Who was David Weiser? by Pawel Huelle (Bloomsbury, pounds 5.99)

With the sea-front chock-a-block with a freak tide of sticklebacks, the school boys of the little Polish town of Oliwa are compelled to look elsewhere for their holiday entertainment - and find it in the person of David Weiser. Skinny, clever and Jewish, Weiser possesses mysterious powers that will keep his classmates occupied long after the summer is over. An atmospheric account of childhood transgression.

From the Beast to the Blonde by Marina Warner (Vintage, pounds 10.99)

Once upon a time, in the far off Kingdom of Kentish Town, a dark-haired maiden named Marina decided to go to the aid of the Fairy Tale - a creation dismissed as "pre-literate trash" by some, and even "girly" by others. Her study is a worthy (and hefty) contribution to a seam first mined by Alison Lurie and Angela Carter - though it lacks the witchiness that made them so absorbing on the subject.

Purcell by Maureen Duffy (Fourth Estate, pounds 7.99)

Duffy and her best friend passed the winter of 1947 as ardent royalists. Perched on top of school radiators they imagined themselves at the court of Charles II, hob-nobbing with Pepys, and swooning with passion to the exquisite refrains of Henry Purcell, the supreme "musical exponent of desire". Duffy has tried hard to piece together the fragmentary evidence of her hero's life, but, sadly, he remains as elusive as ever.

The Metropolitan Critic by Clive James (Picador, pounds 6.99)

After two years of trying to write a Life of Louis MacNeice, the young James faced the fact that he was happier downing drinks at the Pillars of Hercules, and dashing off the odd book review for the New Statesman. This reissue of his first reviews gives him a chance to qualify, and even alter, some of his embarrassing excesses - a luxury not granted to many writers. Not nearly as bright or funny as his television reviews.

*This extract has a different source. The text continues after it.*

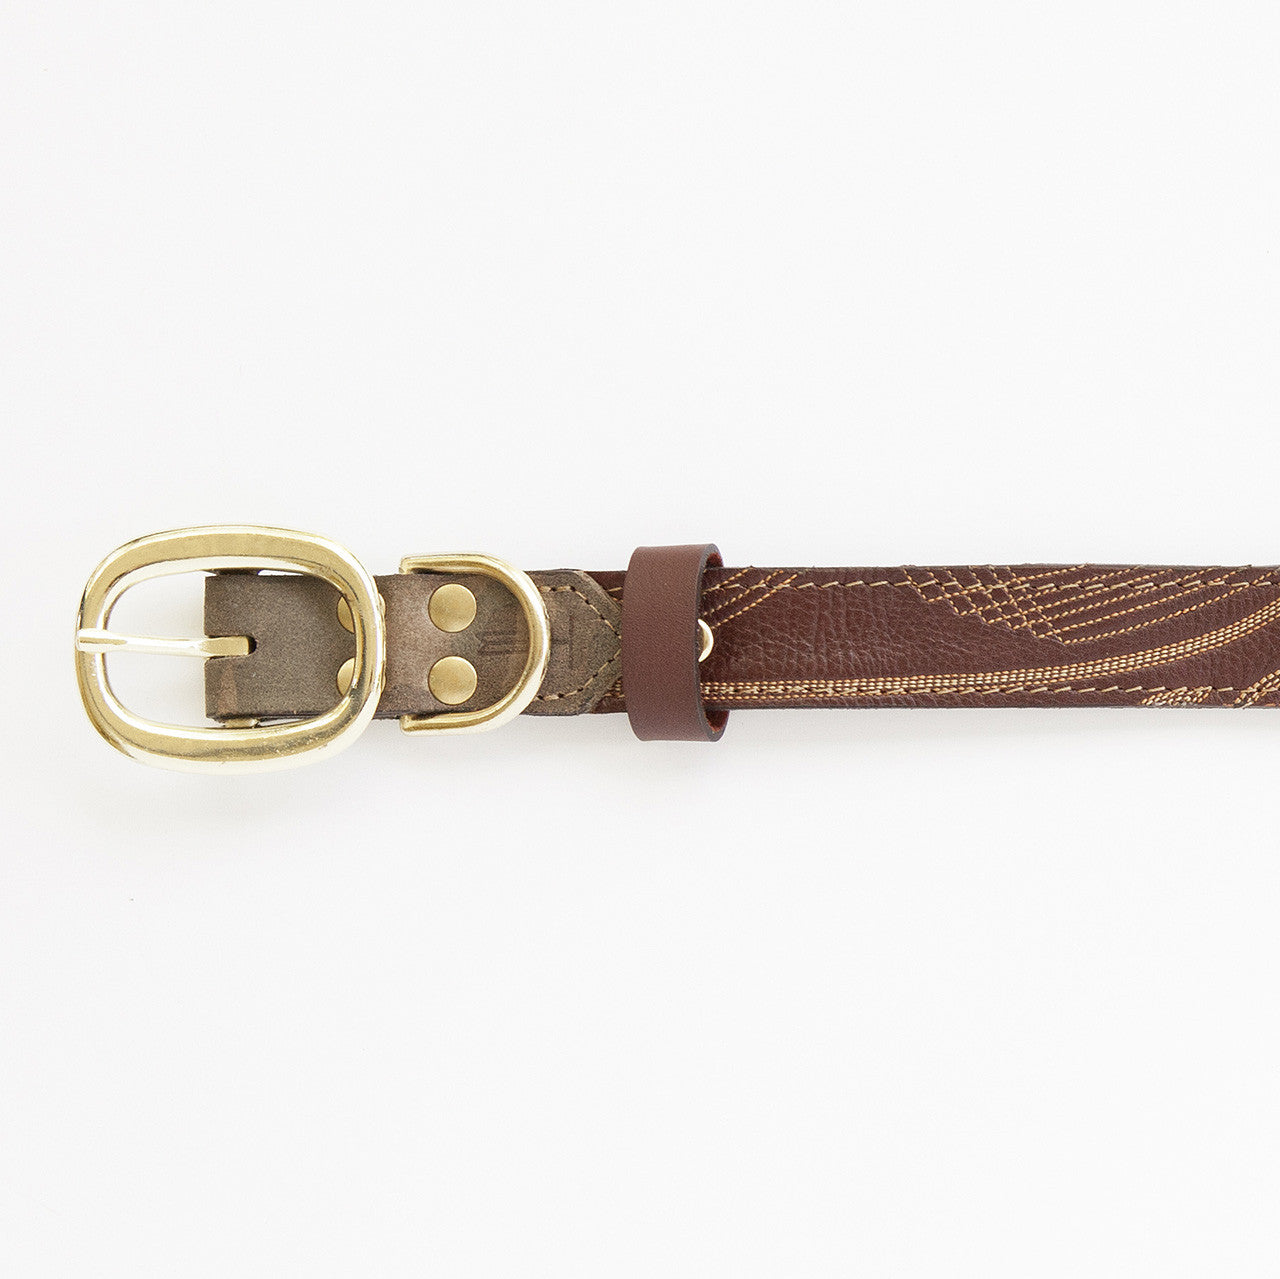 Camo Dog Collar with Brown Leather + Ivory Stitching (buckle)
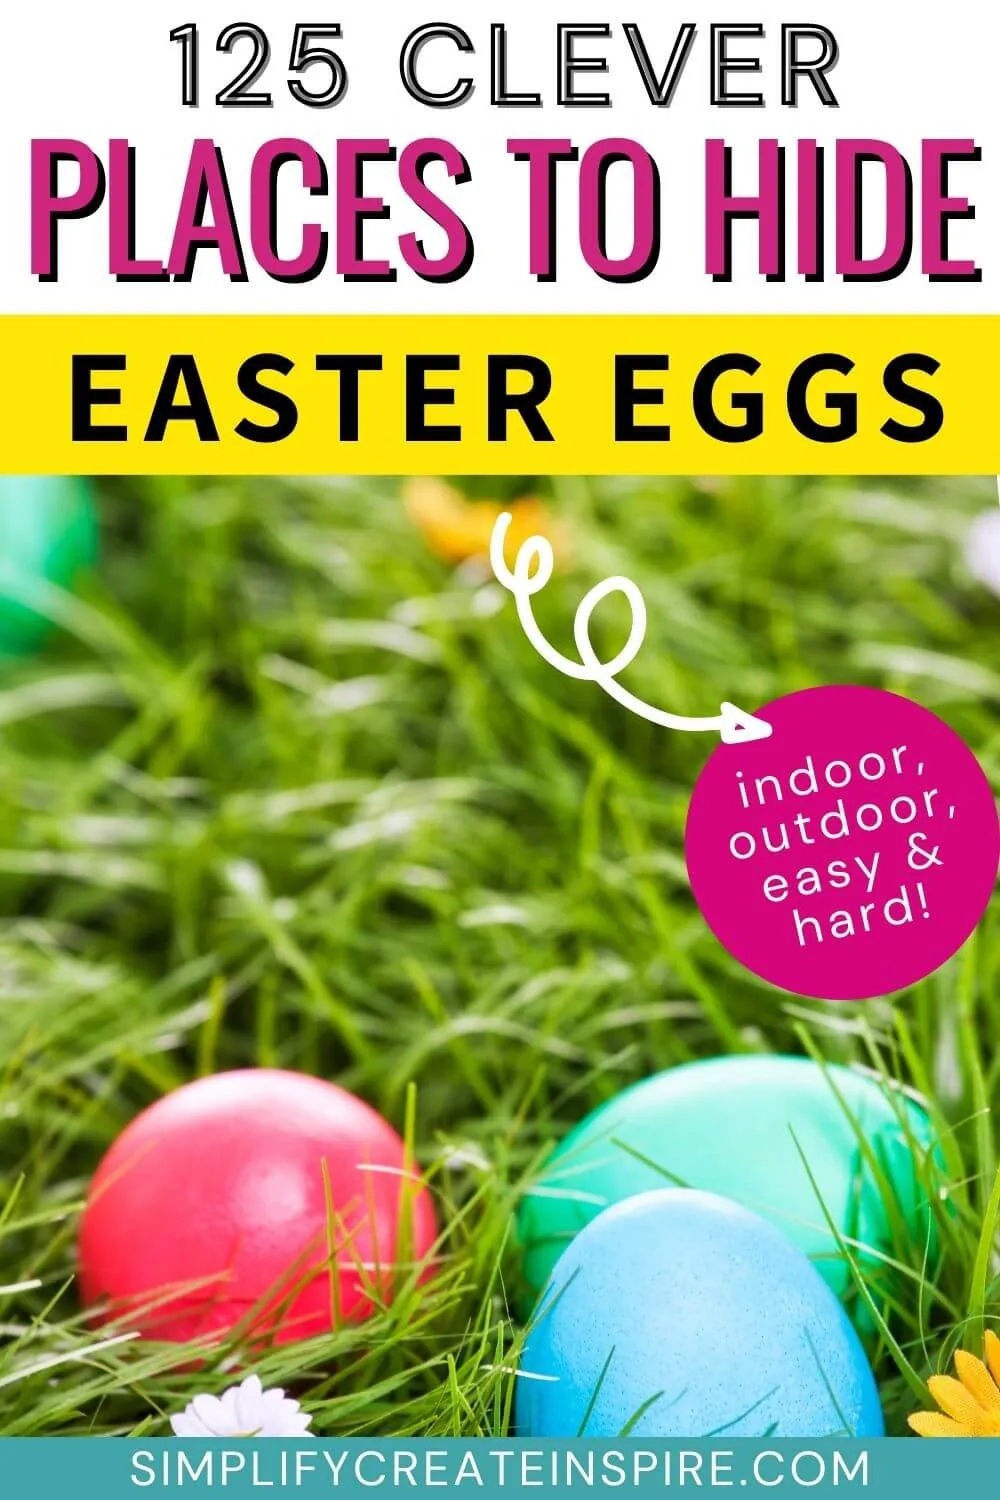 Pinterest image - Text reads best places to hide easter eggs

In Cold Domain by Anne Fine (Penguin pounds 5.99): When Barbara announces to her assembled family that she has met the love of her life - Miguel- Angel Gippini Algaron Lopez de Rego, a waiter from the pub next door - they go into overdrive, not least her mother, the blue-rinsed harridan, Lilith Collett. Set in the garden of the family estate, Cold Domain, Anne Fine's comic farce involves a hearty dose of camp innuendo and bare bottoms, and all told with a gusto that should make writers of BBC sit- coms hang their heads in shame.